EXERCISE AIM:
Would you please copy every line from the records that contains the word "Black"?

RECORDS:
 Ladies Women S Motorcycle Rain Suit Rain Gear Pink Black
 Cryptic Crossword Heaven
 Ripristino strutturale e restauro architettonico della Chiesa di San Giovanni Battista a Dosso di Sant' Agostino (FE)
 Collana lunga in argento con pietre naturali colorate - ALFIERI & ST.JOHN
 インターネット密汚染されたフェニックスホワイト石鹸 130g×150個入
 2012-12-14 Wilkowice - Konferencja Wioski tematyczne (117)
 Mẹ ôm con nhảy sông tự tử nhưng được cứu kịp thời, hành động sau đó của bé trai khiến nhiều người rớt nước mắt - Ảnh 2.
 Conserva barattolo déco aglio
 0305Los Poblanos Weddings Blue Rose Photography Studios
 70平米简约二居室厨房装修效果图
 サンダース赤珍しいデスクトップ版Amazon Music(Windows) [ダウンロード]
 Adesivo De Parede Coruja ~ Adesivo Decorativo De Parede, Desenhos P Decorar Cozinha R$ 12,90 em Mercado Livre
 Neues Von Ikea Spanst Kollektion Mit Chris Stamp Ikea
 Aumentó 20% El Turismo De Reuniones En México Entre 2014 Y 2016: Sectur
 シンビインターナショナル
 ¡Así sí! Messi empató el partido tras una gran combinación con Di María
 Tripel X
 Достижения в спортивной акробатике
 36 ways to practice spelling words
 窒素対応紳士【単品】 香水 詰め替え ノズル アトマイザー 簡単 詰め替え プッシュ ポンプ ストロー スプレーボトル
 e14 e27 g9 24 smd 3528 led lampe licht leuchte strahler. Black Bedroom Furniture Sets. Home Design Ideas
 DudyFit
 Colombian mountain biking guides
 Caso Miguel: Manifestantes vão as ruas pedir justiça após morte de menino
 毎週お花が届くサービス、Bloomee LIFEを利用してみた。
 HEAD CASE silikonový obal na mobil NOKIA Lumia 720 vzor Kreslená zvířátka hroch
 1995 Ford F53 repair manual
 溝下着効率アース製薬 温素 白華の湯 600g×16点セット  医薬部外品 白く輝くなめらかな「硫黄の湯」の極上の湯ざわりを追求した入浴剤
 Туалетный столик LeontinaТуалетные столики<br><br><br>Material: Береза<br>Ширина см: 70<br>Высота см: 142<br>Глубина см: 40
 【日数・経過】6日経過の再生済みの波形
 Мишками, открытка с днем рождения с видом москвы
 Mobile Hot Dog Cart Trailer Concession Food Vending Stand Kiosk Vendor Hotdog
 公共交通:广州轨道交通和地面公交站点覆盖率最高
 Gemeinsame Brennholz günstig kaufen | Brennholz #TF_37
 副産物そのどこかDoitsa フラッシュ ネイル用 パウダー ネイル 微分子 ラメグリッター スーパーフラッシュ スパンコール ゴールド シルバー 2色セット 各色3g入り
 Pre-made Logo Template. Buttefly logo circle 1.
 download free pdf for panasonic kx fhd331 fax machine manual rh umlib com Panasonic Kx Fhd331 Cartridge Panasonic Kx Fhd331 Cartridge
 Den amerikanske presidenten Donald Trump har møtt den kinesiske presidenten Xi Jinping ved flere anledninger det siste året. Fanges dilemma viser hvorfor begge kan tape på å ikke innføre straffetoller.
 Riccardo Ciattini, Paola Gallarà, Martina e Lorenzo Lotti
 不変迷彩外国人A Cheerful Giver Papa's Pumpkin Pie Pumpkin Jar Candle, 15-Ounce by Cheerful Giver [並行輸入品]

WORKED SOLUTION:
 Ladies Women S Motorcycle Rain Suit Rain Gear Pink Black
 e14 e27 g9 24 smd 3528 led lampe licht leuchte strahler. Black Bedroom Furniture Sets. Home Design Ideas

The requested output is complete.